Литмир - Электронная Библиотека
A
A

— Продашь дом?

— А что мне с ним делать? Слушай, устроим сегодня новоселье? Позовем девушек… Педагогический — это же одни девчата… А?

— Какое новоселье? Ты же продаешь дом!

— А мы никому не скажем. Ну? Хата пропадает… Так, кажется, говорят?.. Я читал.

— Можно подумать, что ты приехал не за домом, а порезвиться.

— Я из лесу вышел. Можно порезвиться, если человеку двадцать?

И так печально посмотрел парень из тайги на Алимджана, что тот перестал усмехаться, но ничего не ответил, а, повернув руку, озабоченно глянул на часы.

— Топаем.

Шли под тополями. Поддутая ветром листва серебрилась и стрекотала. Кеша шел и думал, что вот не нашел он с Алимджаном общего языка, что он тут сам по себе, а город сам по себе, и быстрее ему надо покончить с формальностями, с этим теткиным домом, негаданно свалившимся на голову, да убираться восвояси, где у него привычная компания: немногословный дед и пес.

Вспомнив их, оставшихся в такой дали, Кеша не сразу заметил, что в стрекот молодых тополиных листьев вторгся другой звук: по асфальту отчетливо цокали каблучки, быстро приближаясь. Кеша поднял глаза. Навстречу торопливо шла девушка. Была она тонкой. Была большеглазой. Эти большие глаза ее удлинялись и заострялись к внешним сторонам, будто нарисованные, но они были такими от природы. Длинная, открытая шея с лебединым — по своей плавности и нежности — изгибом чуть откидывала голову назад.

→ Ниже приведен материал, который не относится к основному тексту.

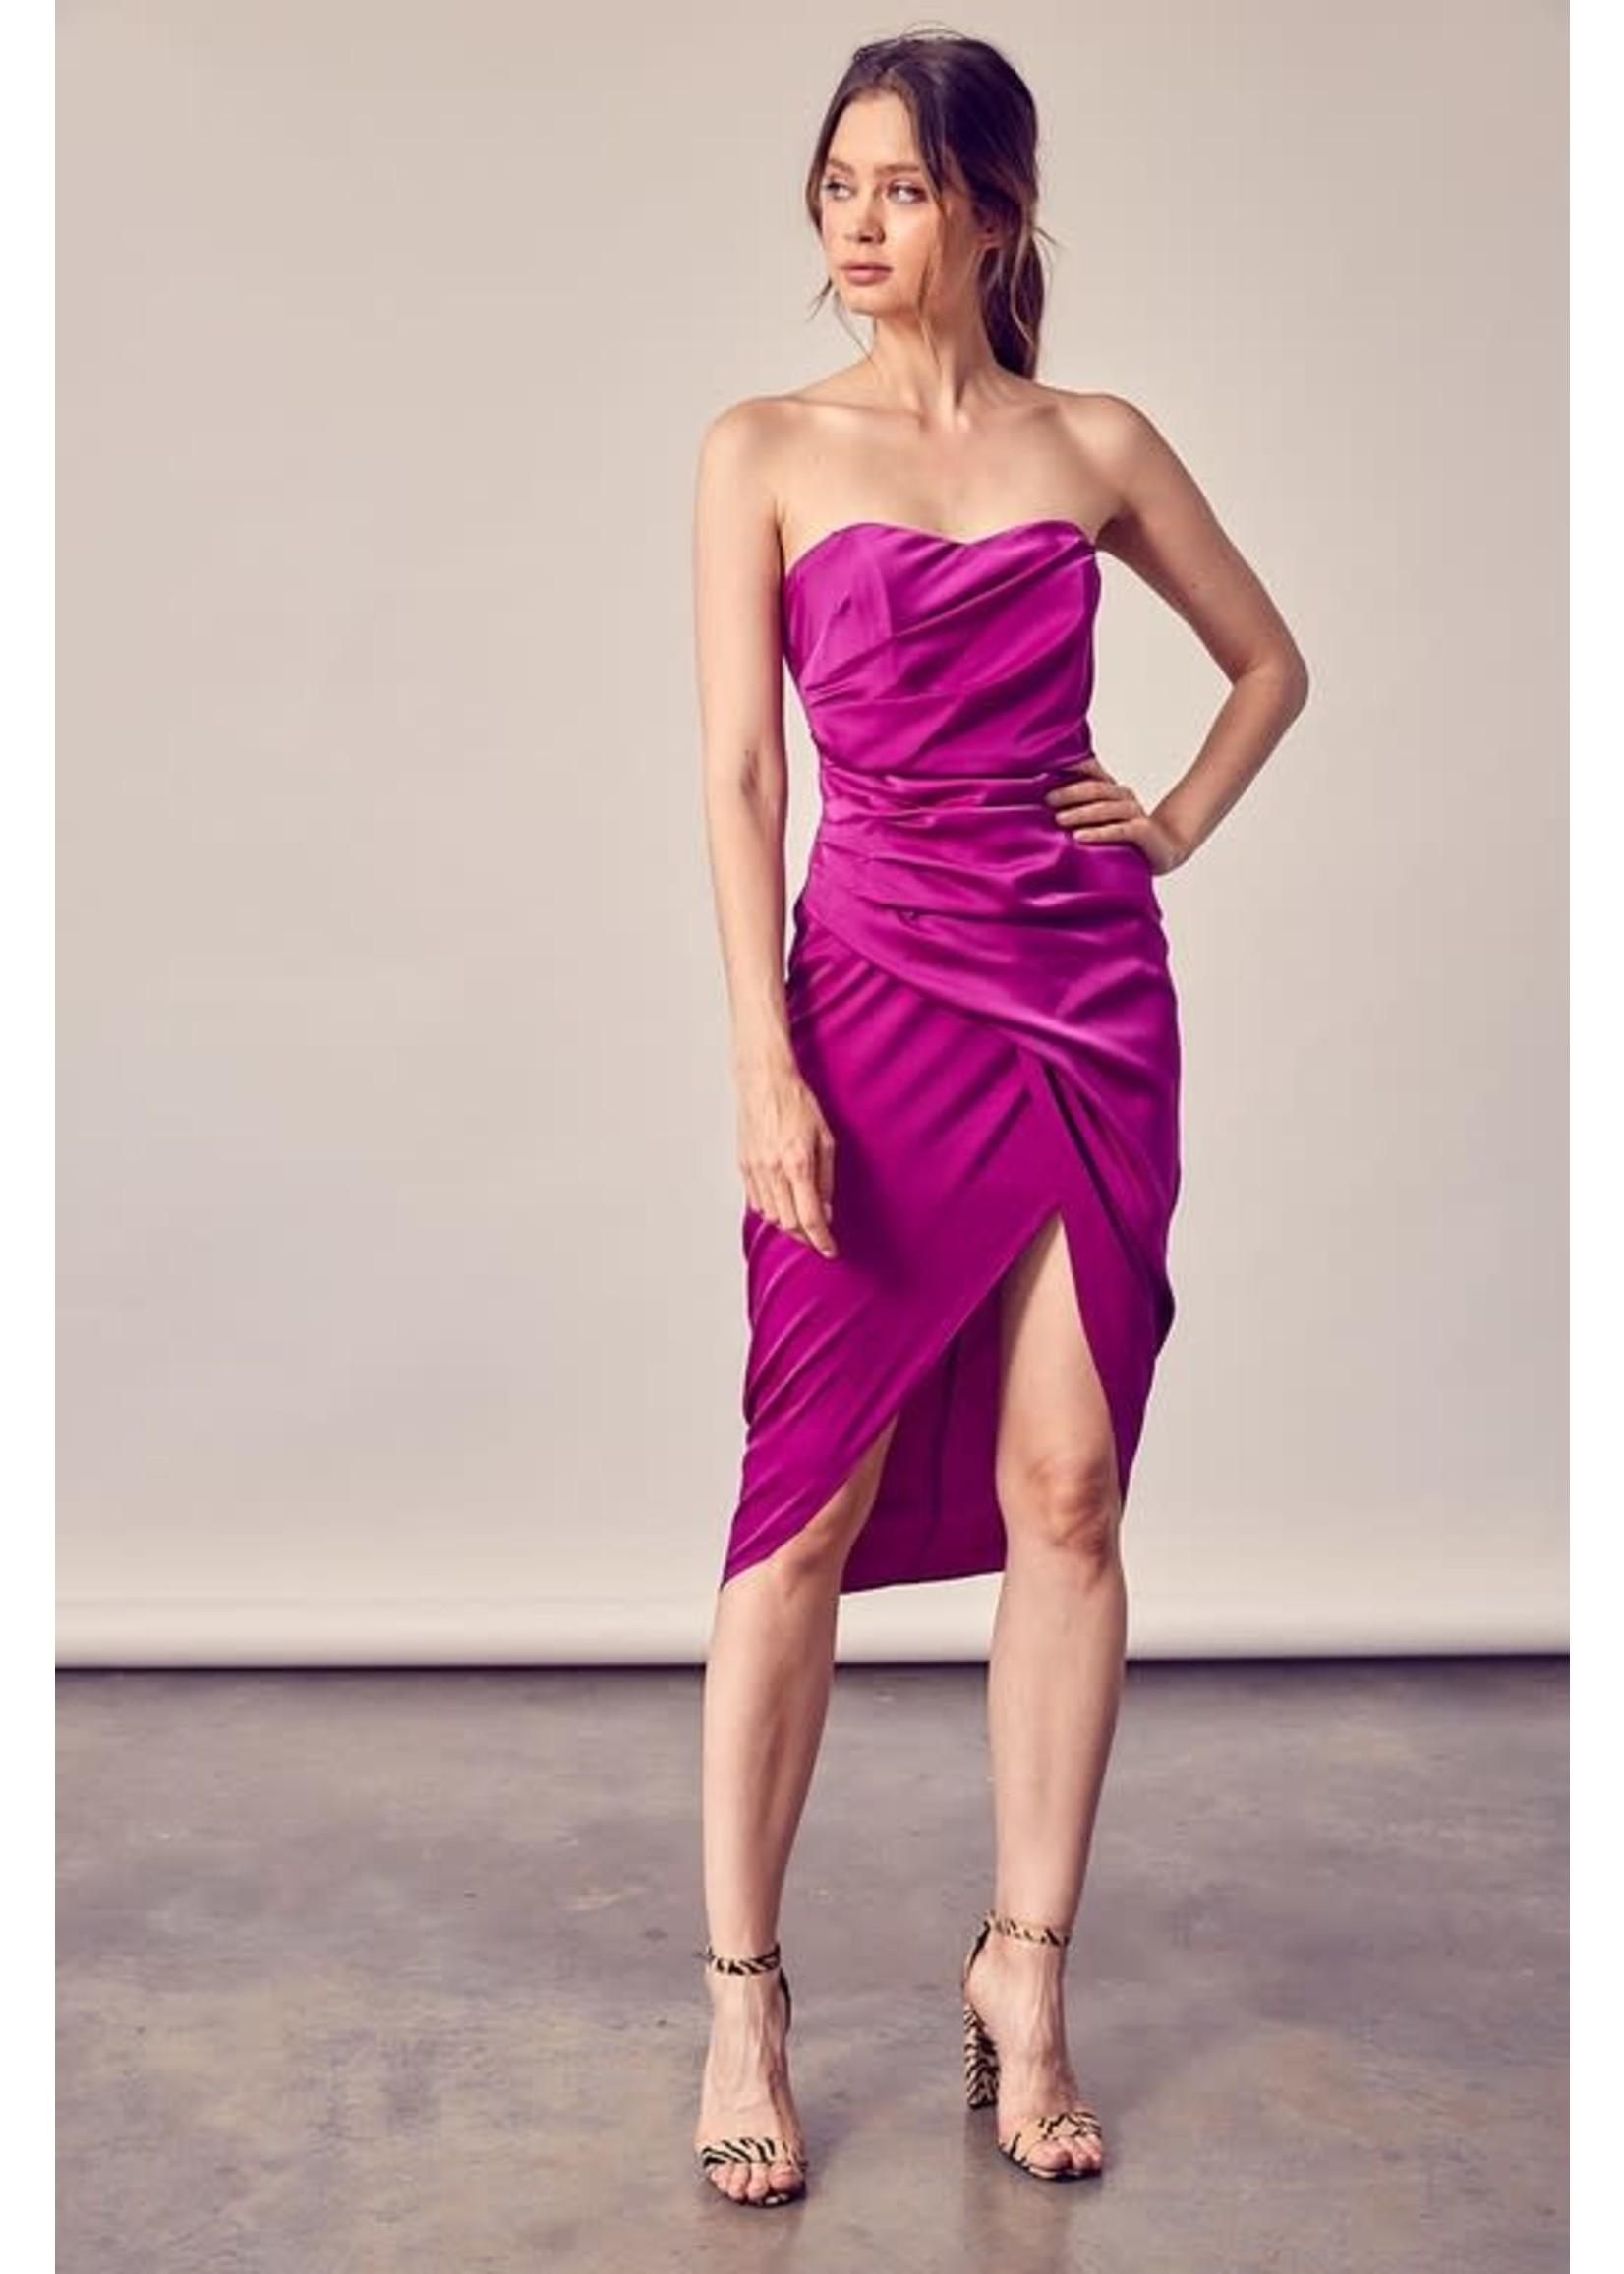 DO + BE Tulip Skirt Strapless Wrap Midi Dress - GY1158

Неприлично было пялиться почти в упор на девушку, и Кеша отвернулся и стал уговаривать себя, что вчера такими же на редкость особенными казались ему и стюардесса и девушки на стоянке такси и на ступенях театра, не говоря уж о принцессе с сиренью в толпе встречавших, а сегодня он их и не узнал бы, поди.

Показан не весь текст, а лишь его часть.